Supplied material:
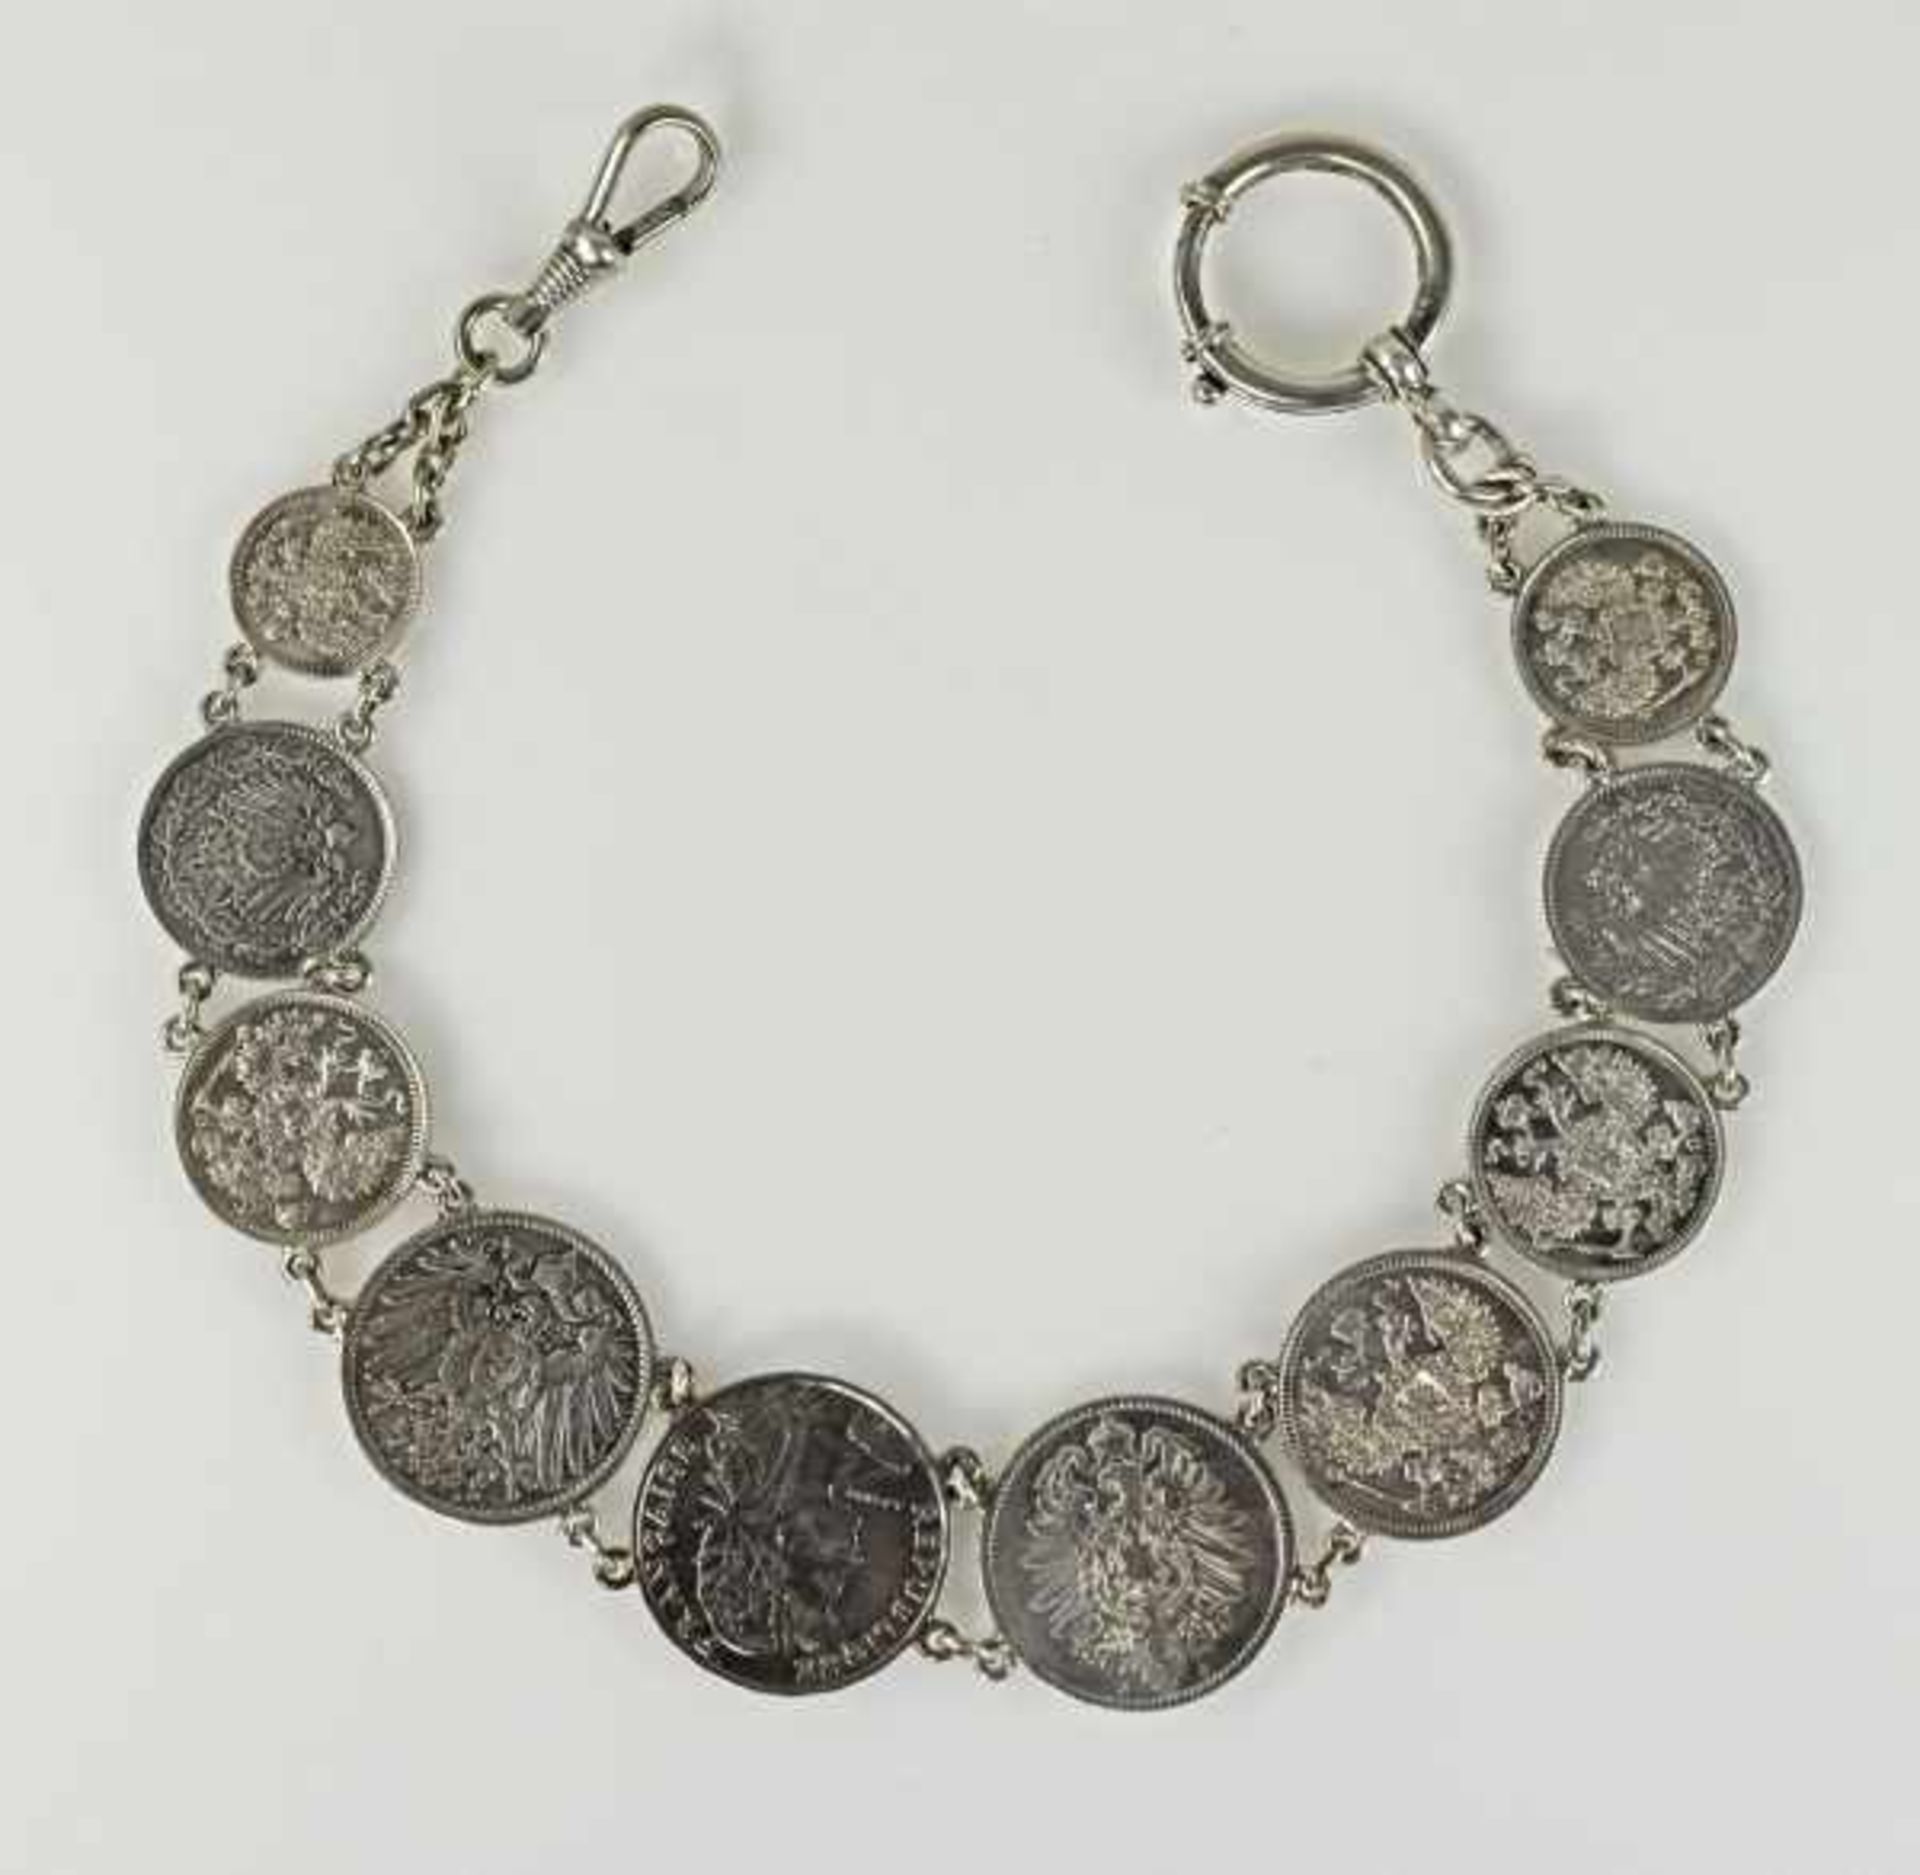 MÜNZ-UHRENKETTE 10 Silbermünzen im Verlauf: Mark, 1/2 Mark, Centimes, russische Münzen, Ende 19./ - Bild 2 aus 2
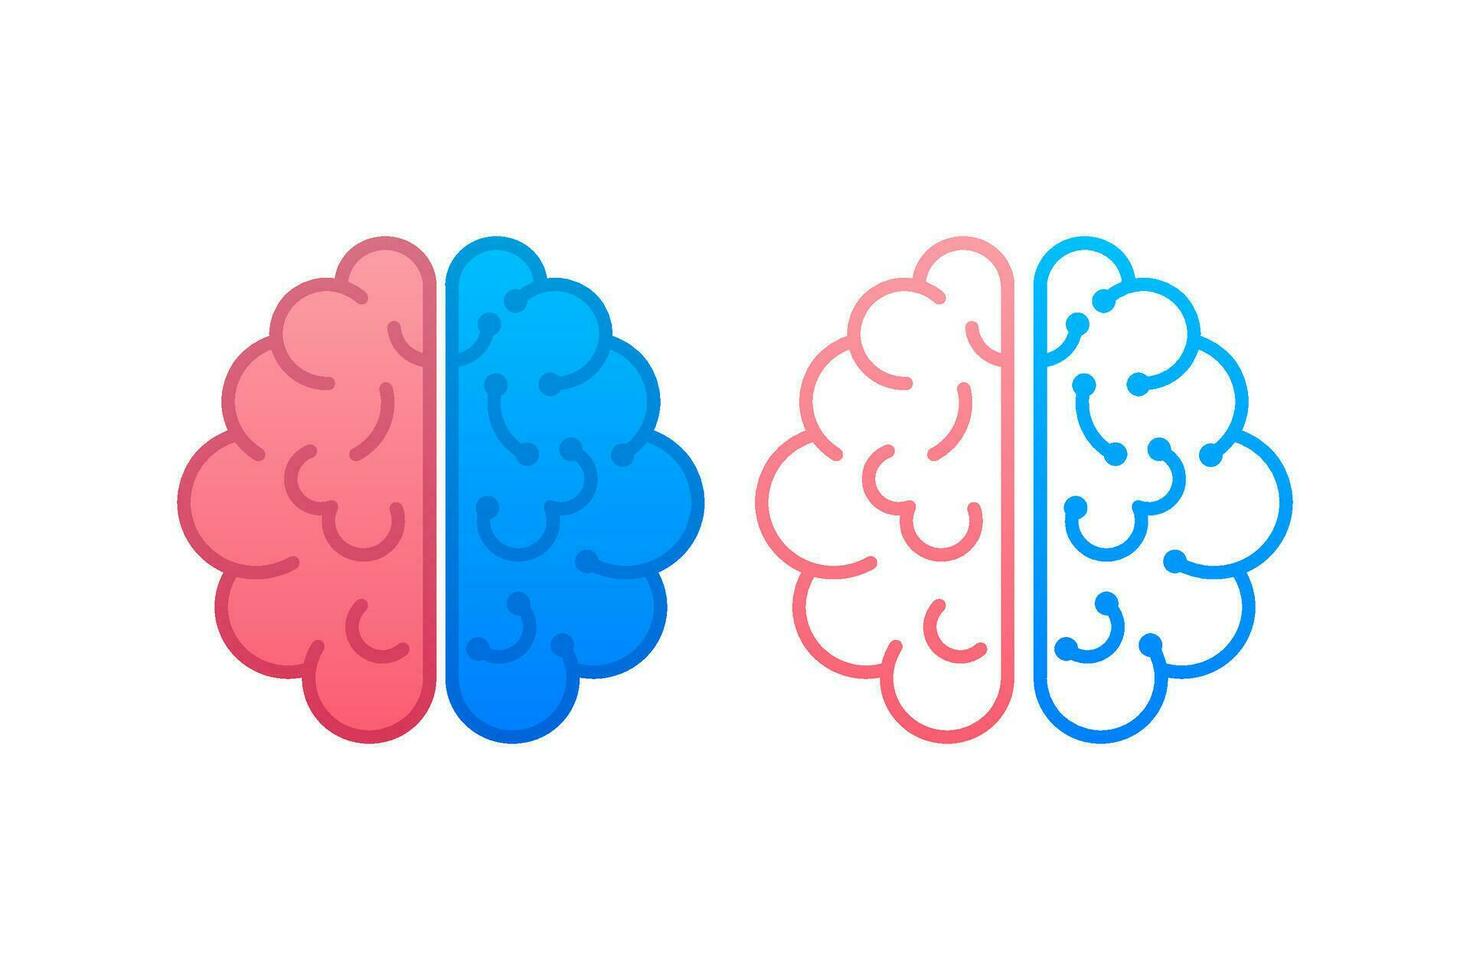 Gehirn. Digital Gehirn im Hand. neural Netzwerk. iq testen. Brainstorming denken Idee. Vektor Lager Illustration
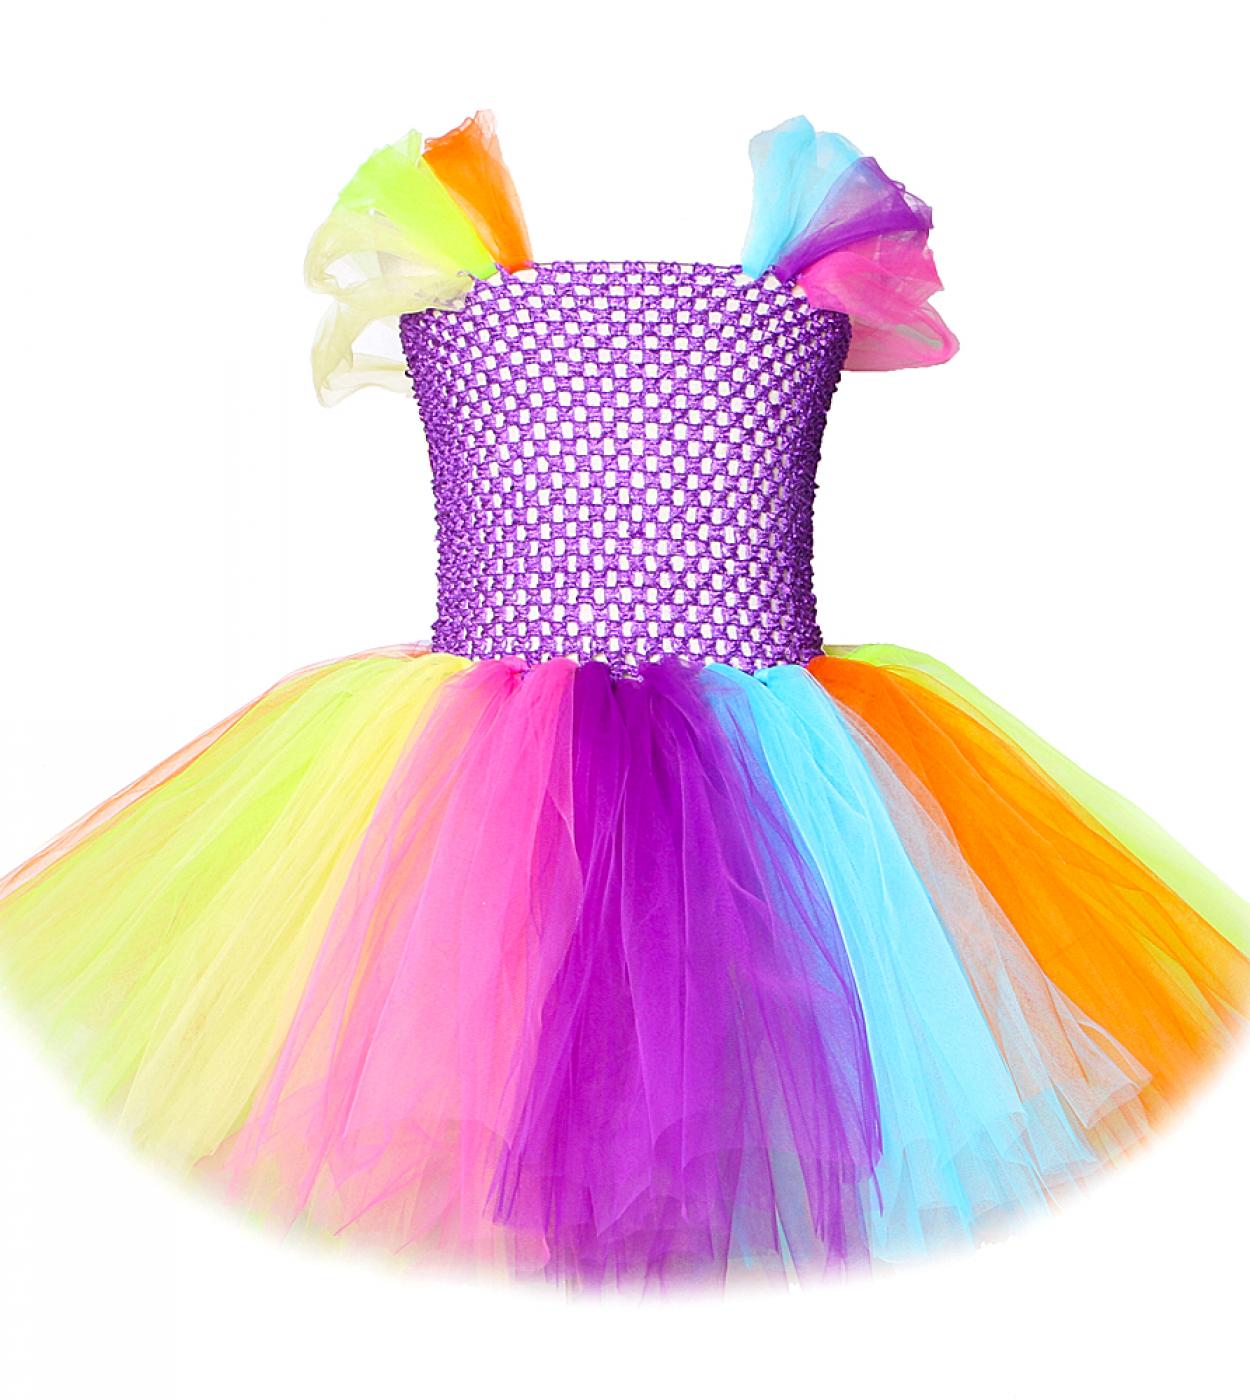 שמלת טוטו קשת מתוקה לילדות נסיכה שמלות יום הולדת צבעוניות ילדה קטנה תחפושות ליל כל הקדושים לחג המולד לילדים

Directions for this task:
Make an exact copy of the listing. Leave its pictures out.

Answer to the problem:
 MÜNZ-UHRENKETTE 10 Silbermünzen im Verlauf: Mark, 1/2 Mark, Centimes, russische Münzen, Ende 19./ - Bild 2 aus 2
 Gehirn. Digital Gehirn im Hand. neural Netzwerk. iq testen. Brainstorming denken Idee. Vektor Lager Illustration
 שמלת טוטו קשת מתוקה לילדות נסיכה שמלות יום הולדת צבעוניות ילדה קטנה תחפושות ליל כל הקדושים לחג המולד לילדים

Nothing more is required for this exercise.